### What you need to do
Reproduce every line of the data, exactly and without its pictures.

### Data segment

*** Block opens ***

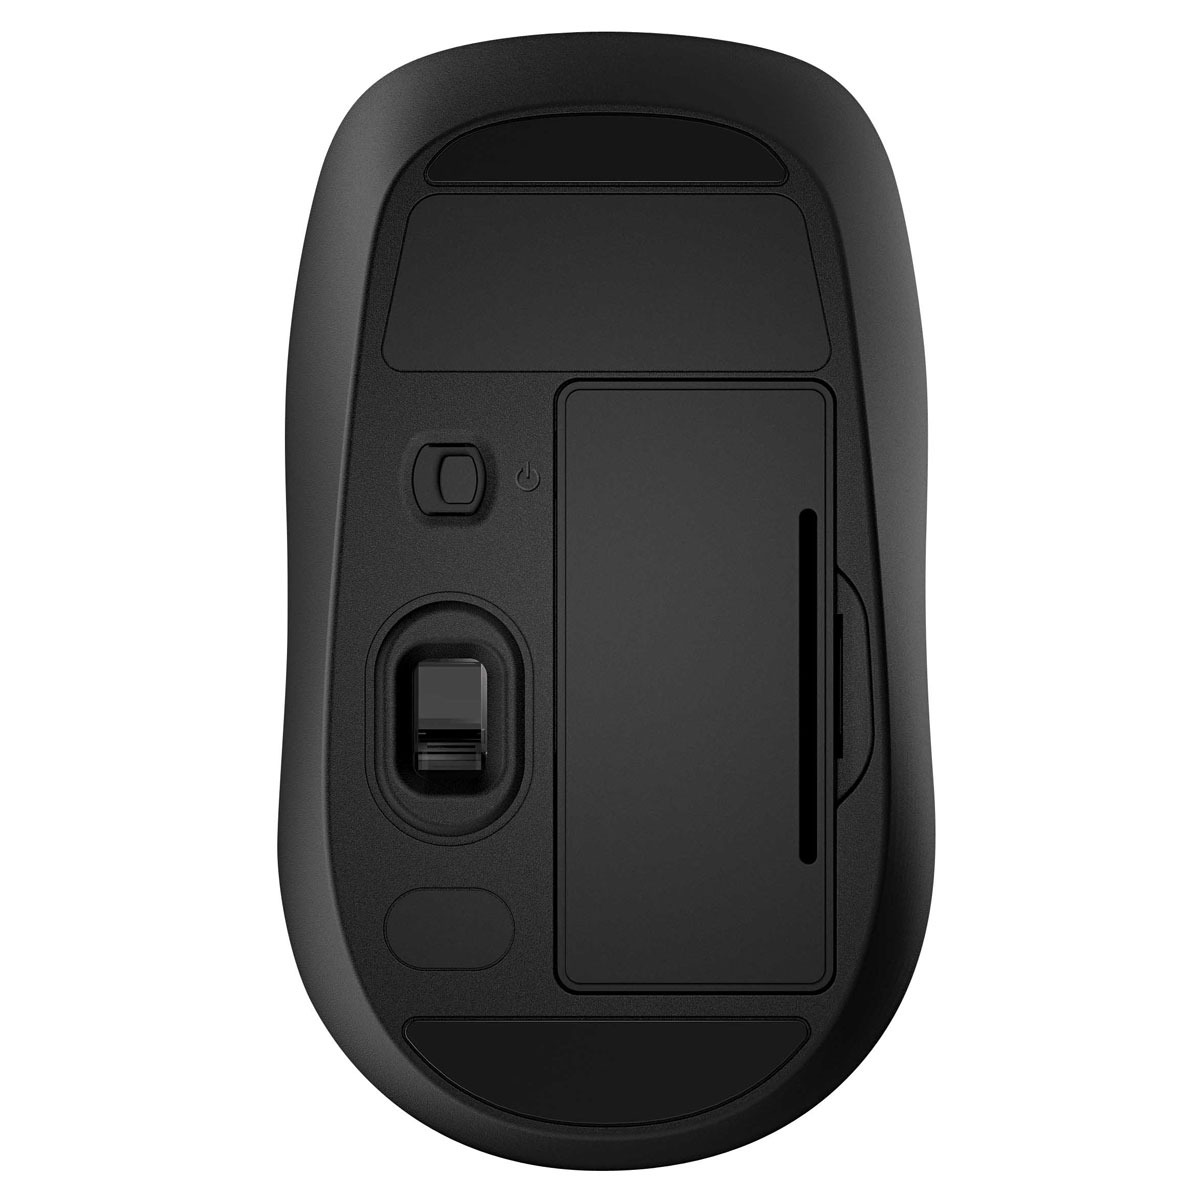 Microsoft wireless mouse 1000 not pairing
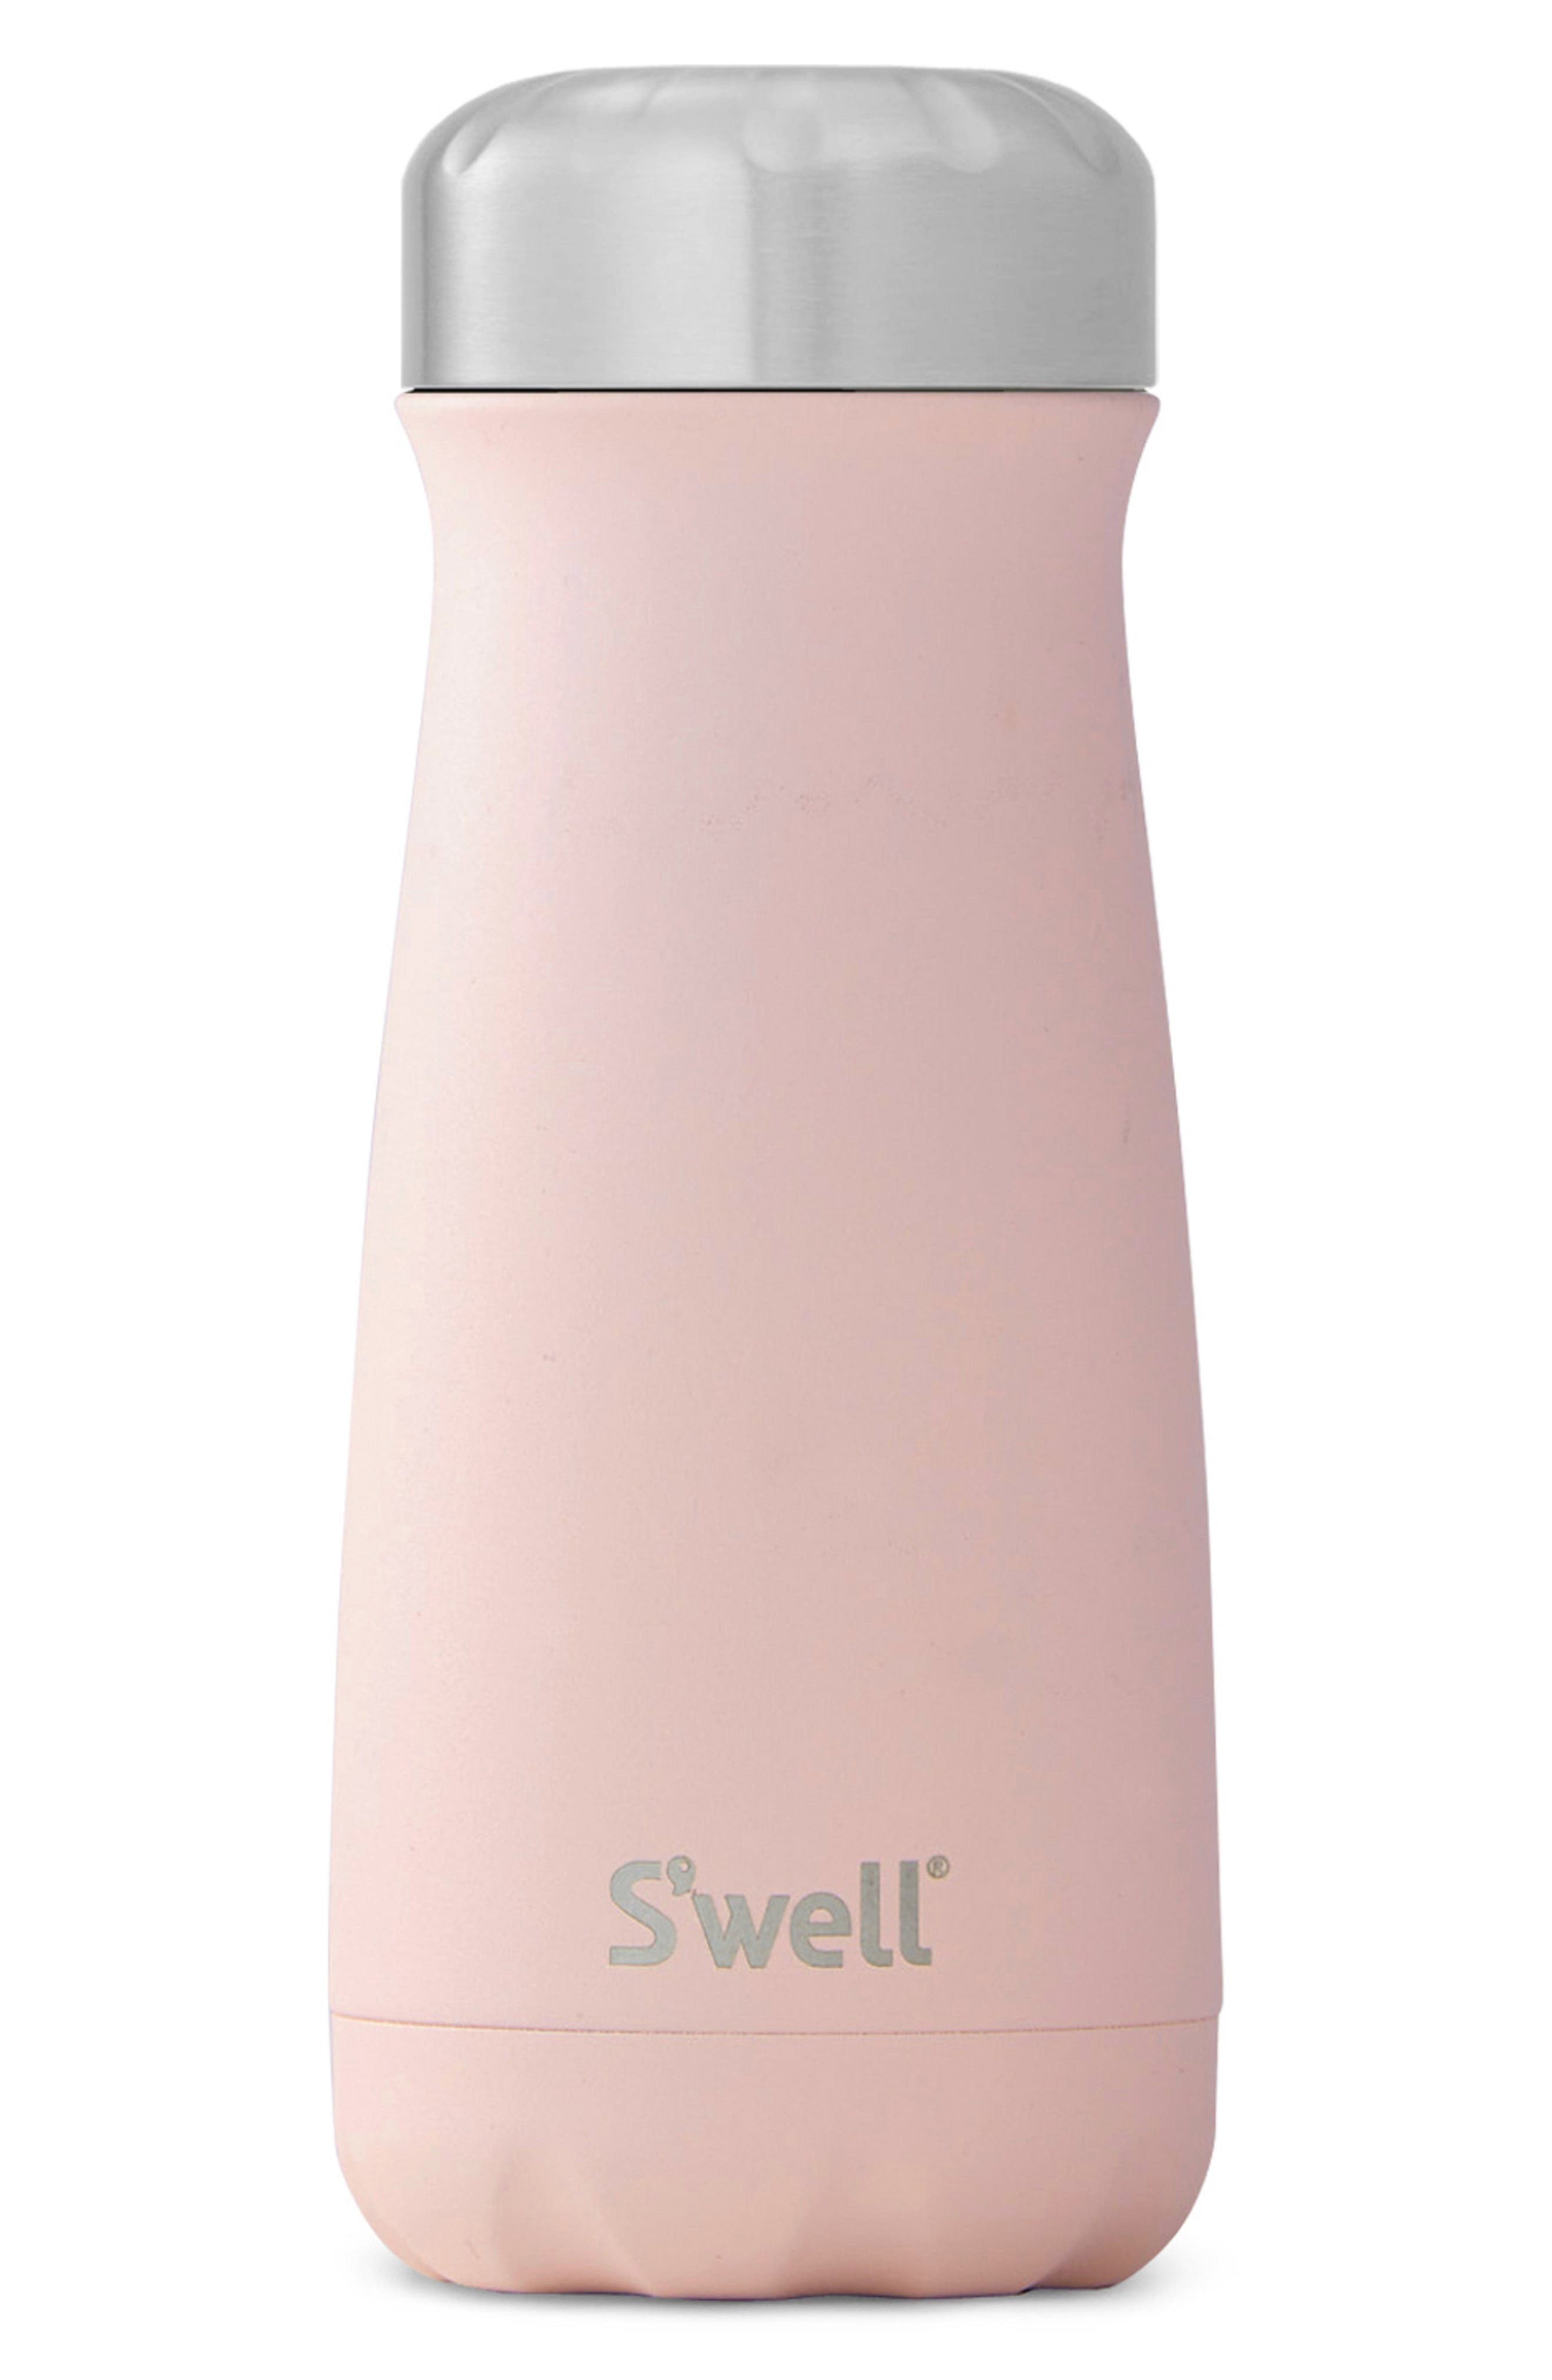 S’well Stainless Steel Insulated Water Bottle 17 Oz 500ml Swb-blue02 for sale online 
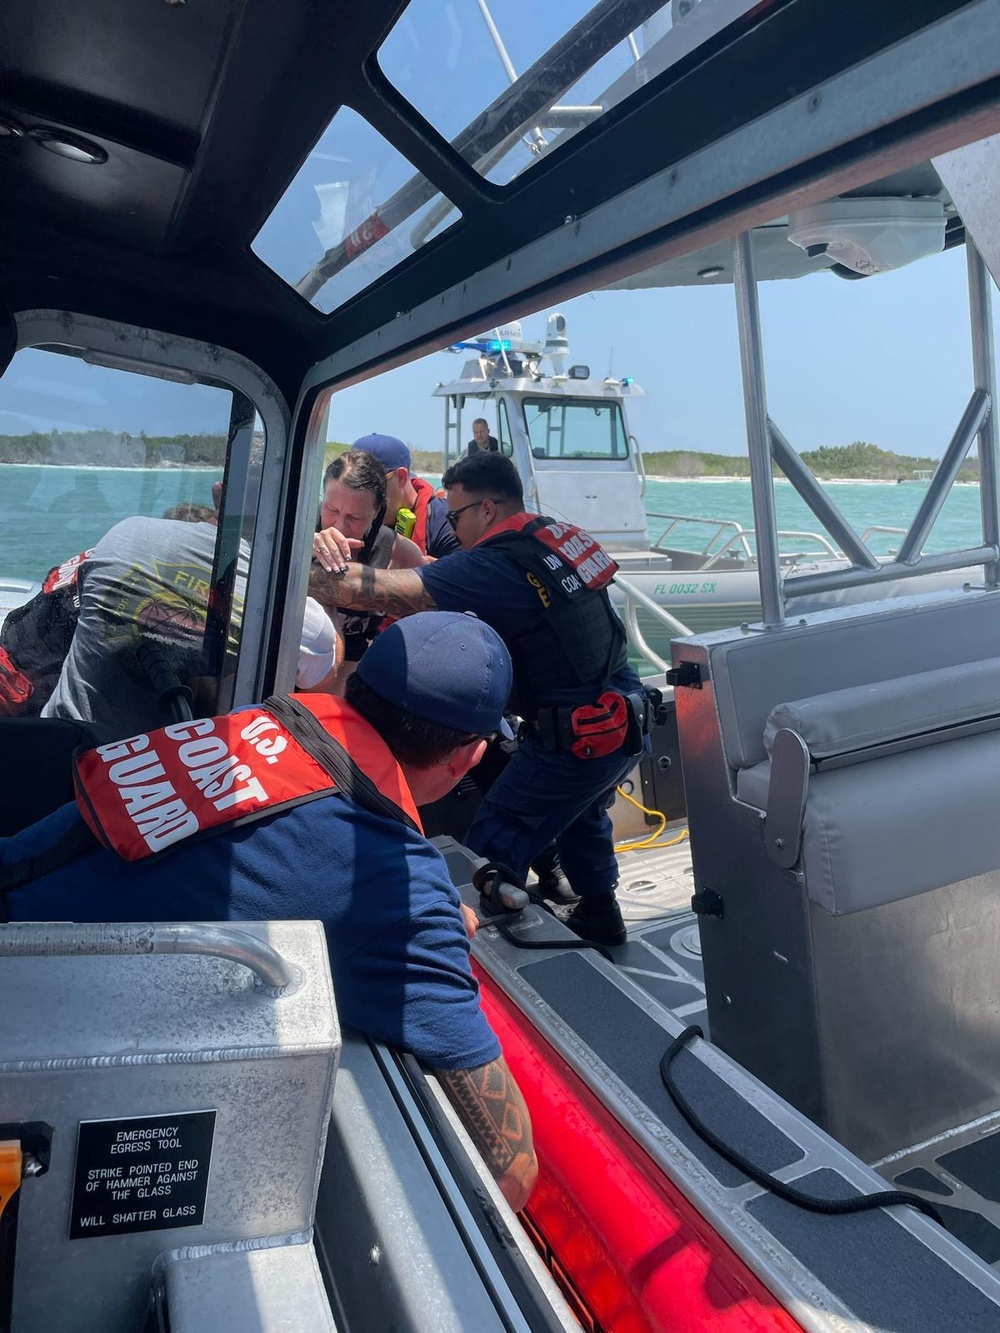 Coast Guard rescues 5 boaters in under 3 hours near Tampa Bay
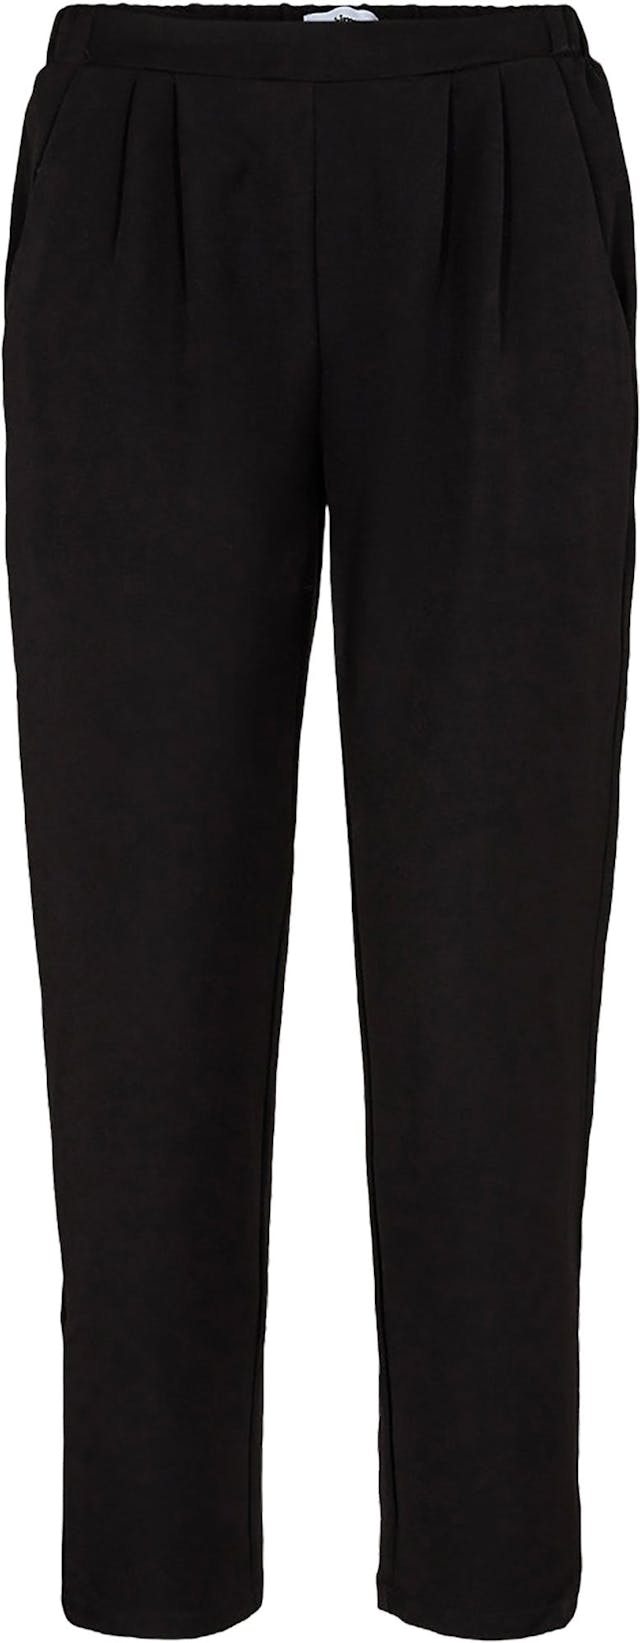 Product image for Sofja 2.0 Casual Pant - Women's

*** Block closes ***

### Exercise response
 Microsoft wireless mouse 1000 not pairing
 S’well Stainless Steel Insulated Water Bottle 17 Oz 500ml Swb-blue02 for sale online 
 Coast Guard rescues 5 boaters in under 3 hours near Tampa Bay
 Product image for Sofja 2.0 Casual Pant - Women's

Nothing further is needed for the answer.